Please give back each line below unchanged; none of the pictures should appear.

_Available data_:
______________________________
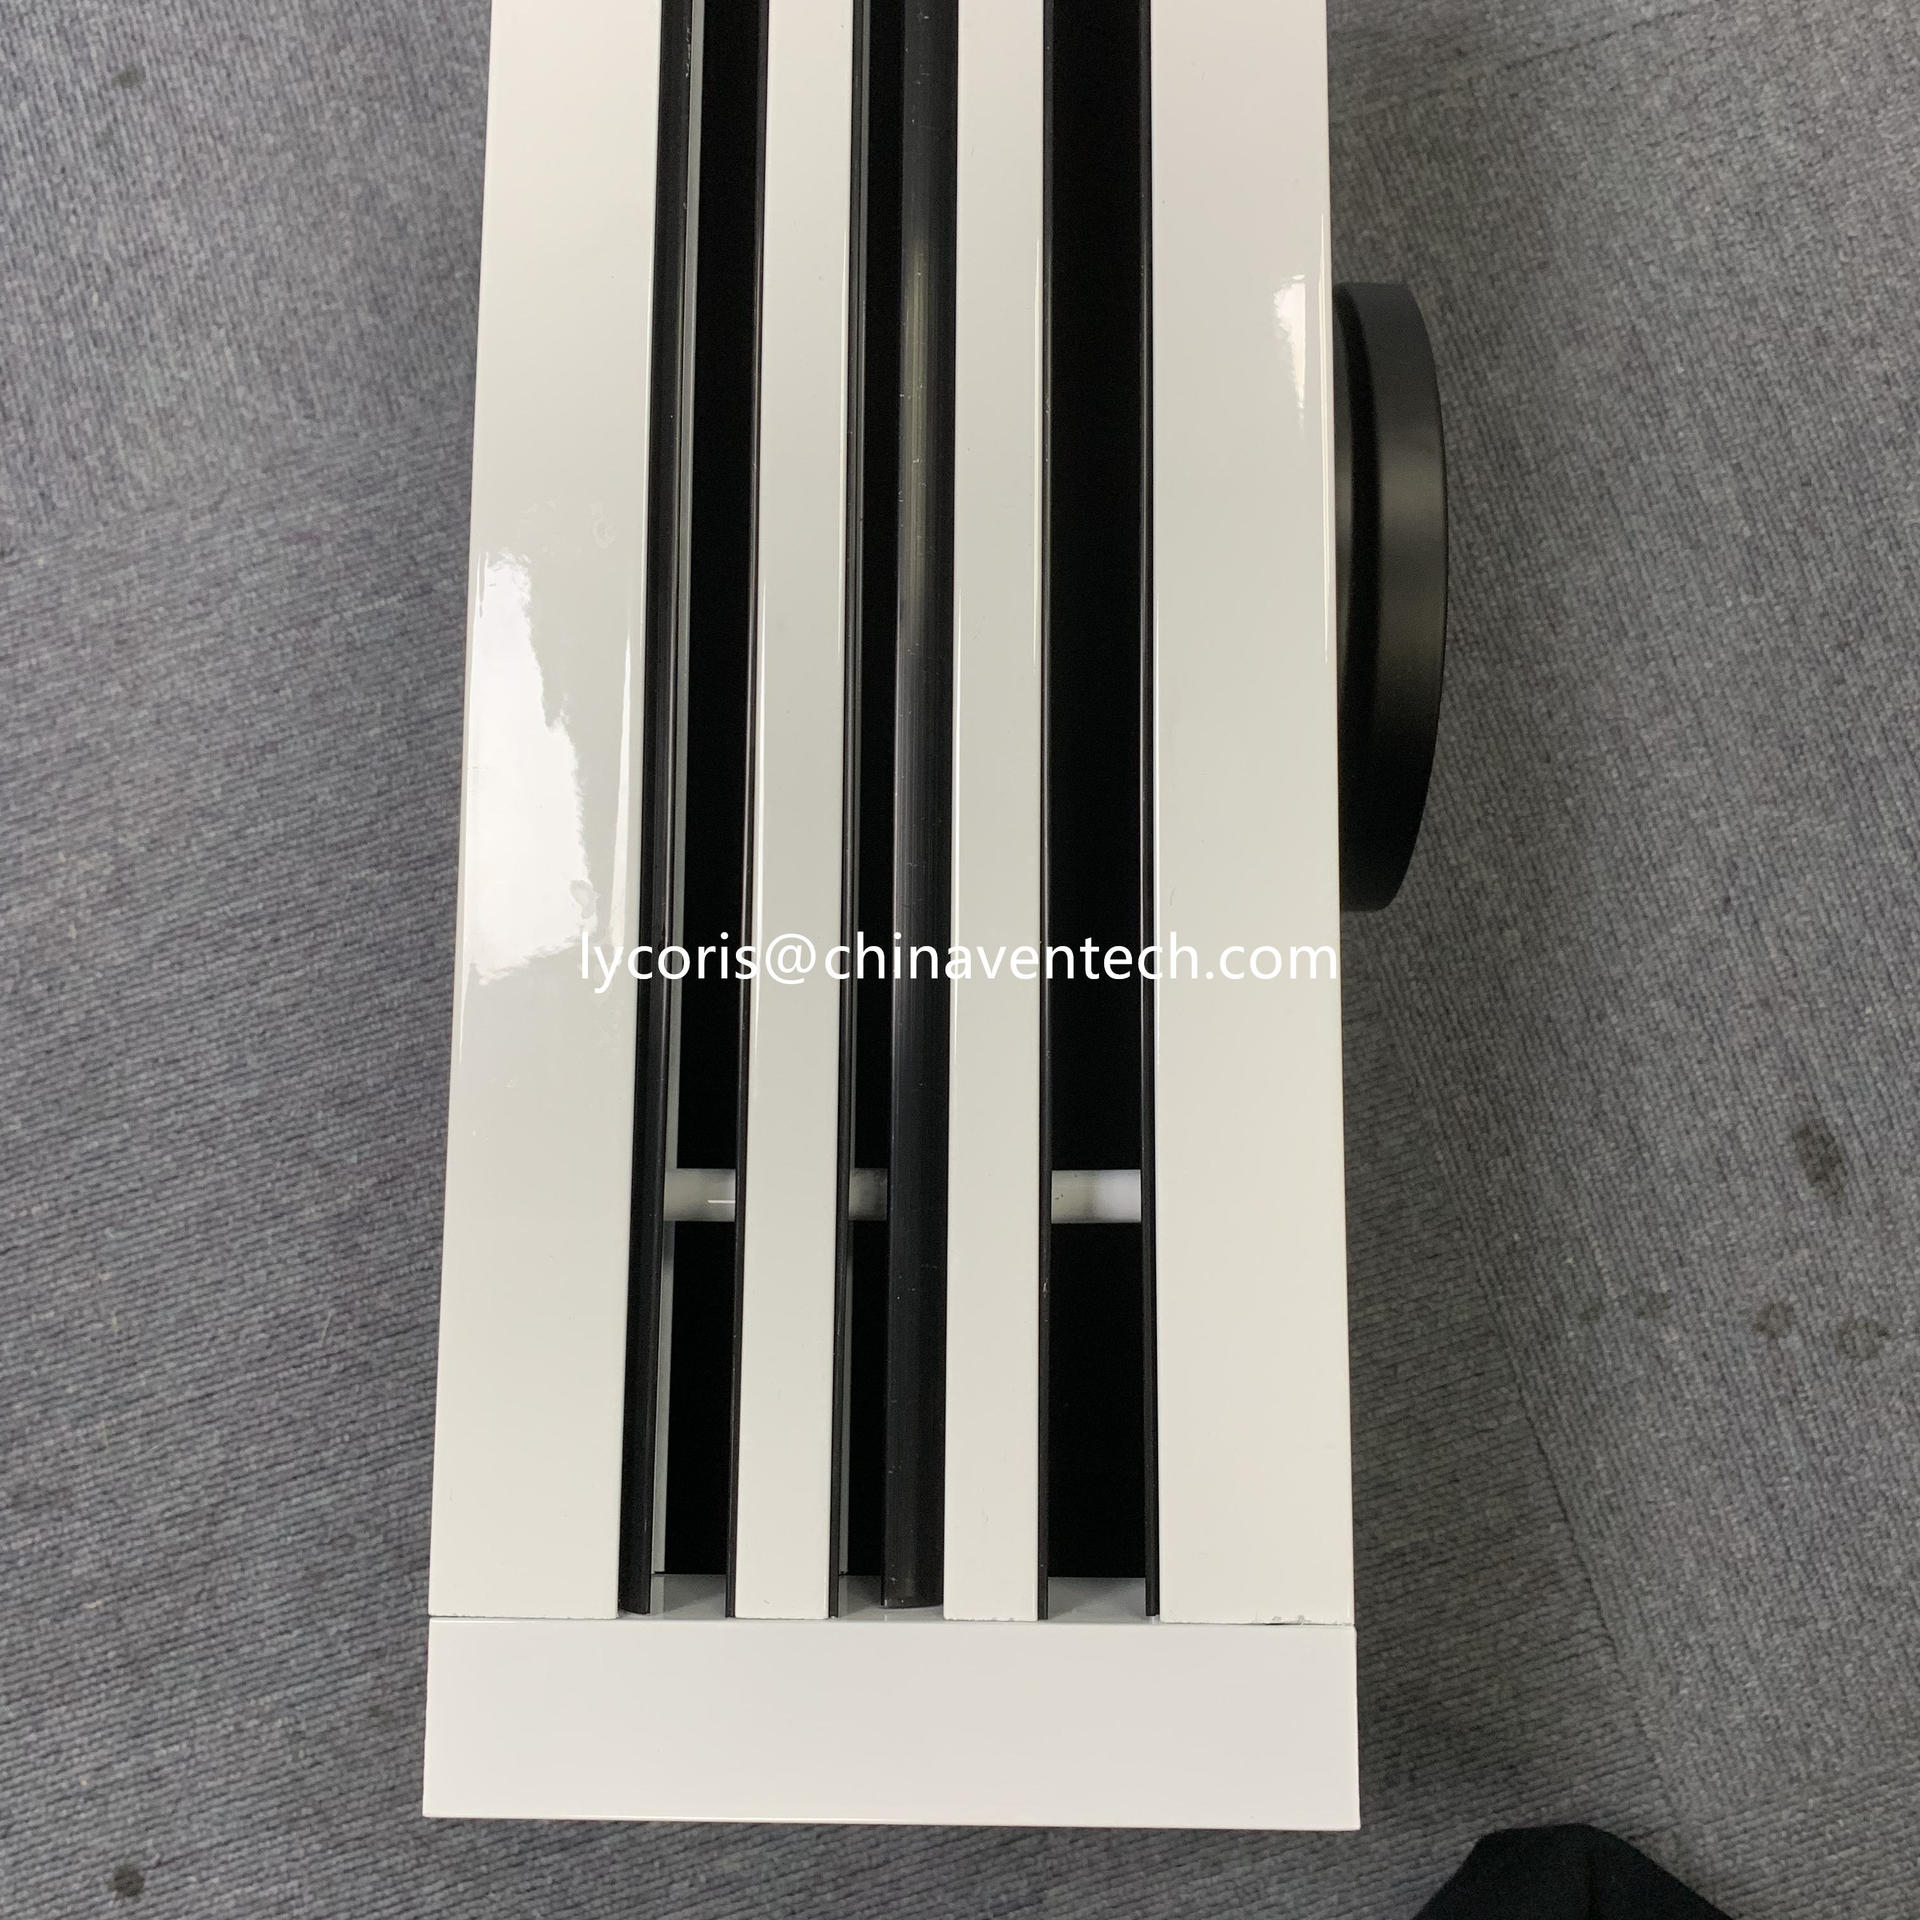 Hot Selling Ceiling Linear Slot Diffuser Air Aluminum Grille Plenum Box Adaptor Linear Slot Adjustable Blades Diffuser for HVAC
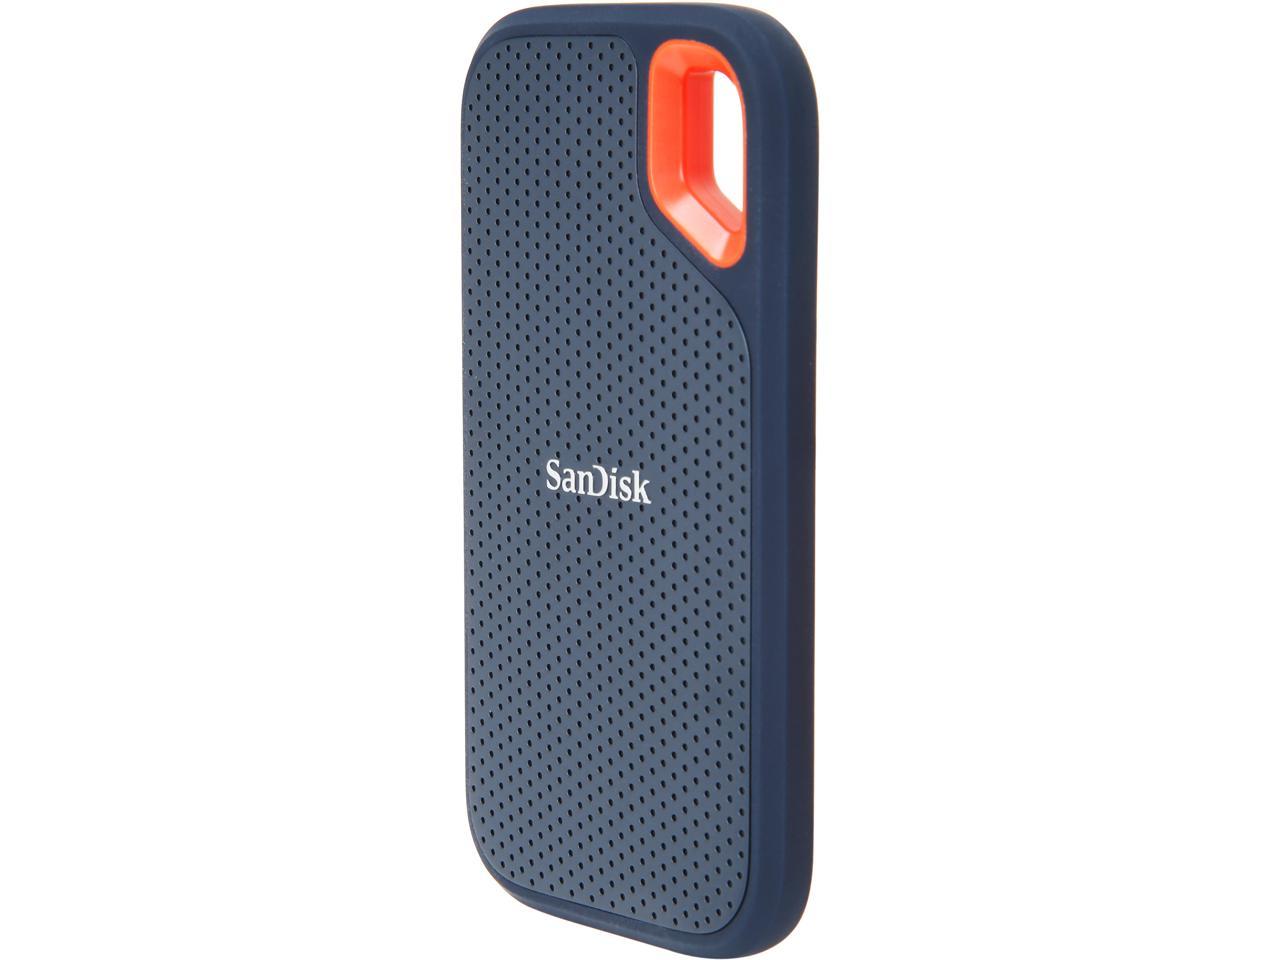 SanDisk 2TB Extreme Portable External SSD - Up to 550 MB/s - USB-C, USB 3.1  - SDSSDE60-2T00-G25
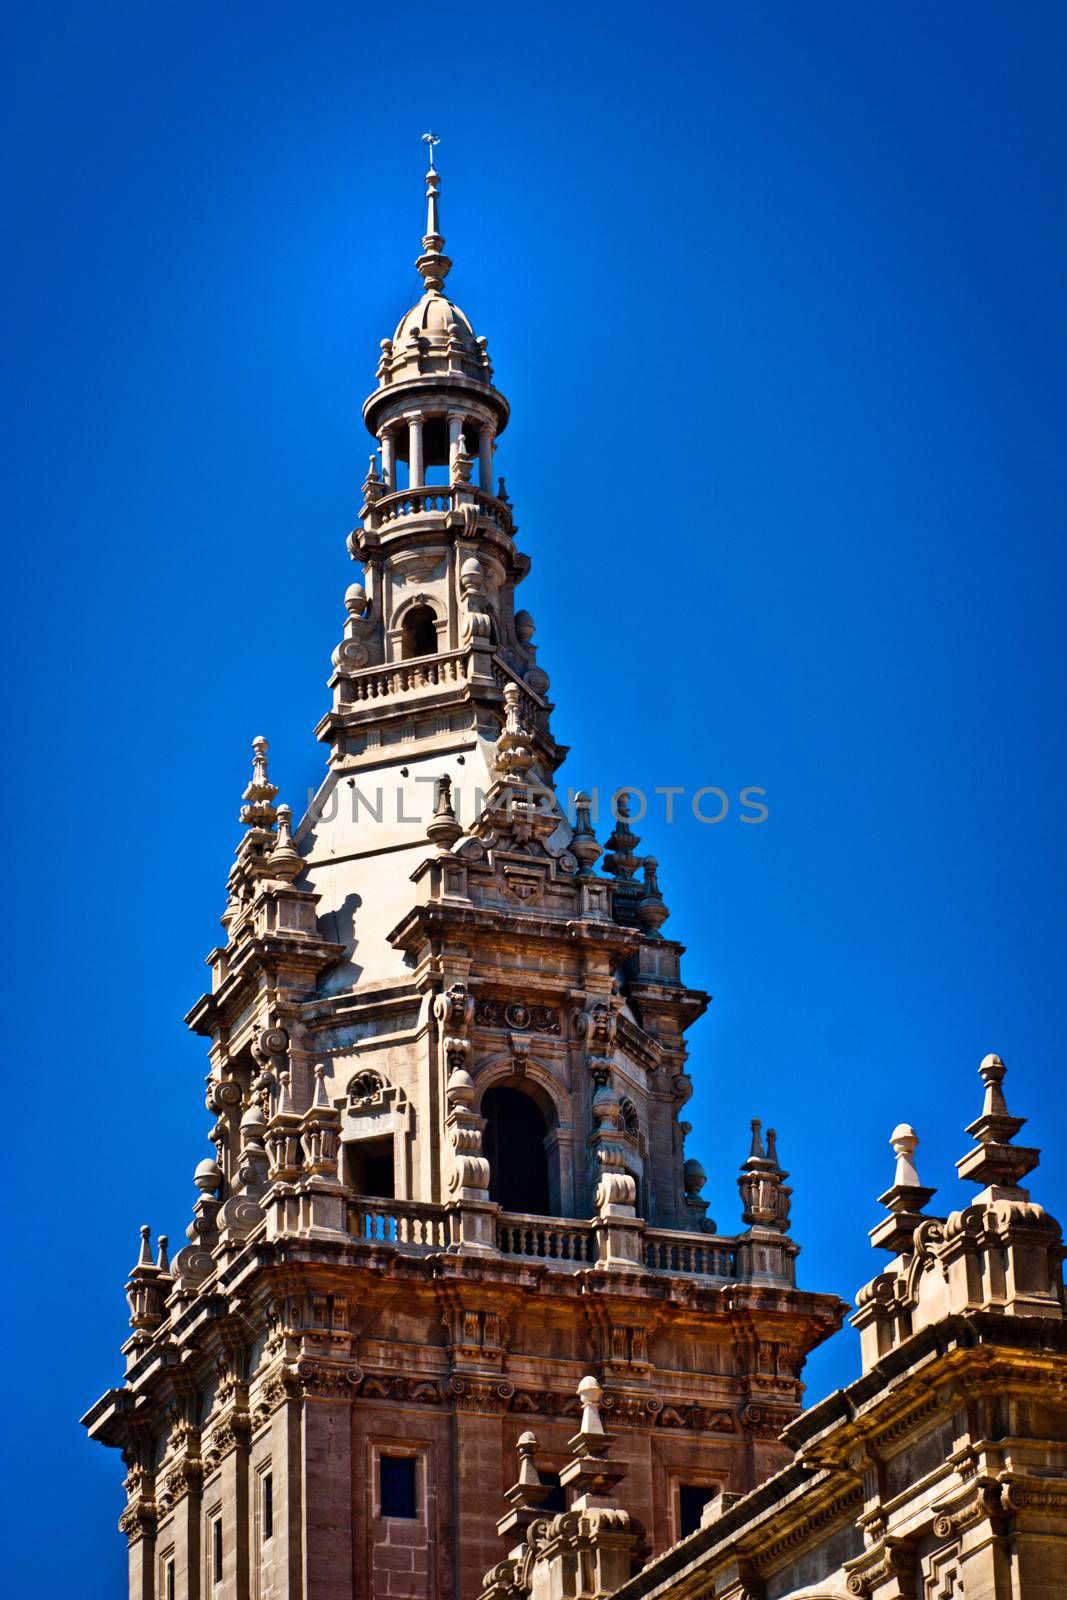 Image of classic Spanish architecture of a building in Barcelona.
______________________________
_Response area_:
 Hot Selling Ceiling Linear Slot Diffuser Air Aluminum Grille Plenum Box Adaptor Linear Slot Adjustable Blades Diffuser for HVAC
 SanDisk 2TB Extreme Portable External SSD - Up to 550 MB/s - USB-C, USB 3.1  - SDSSDE60-2T00-G25
 Image of classic Spanish architecture of a building in Barcelona.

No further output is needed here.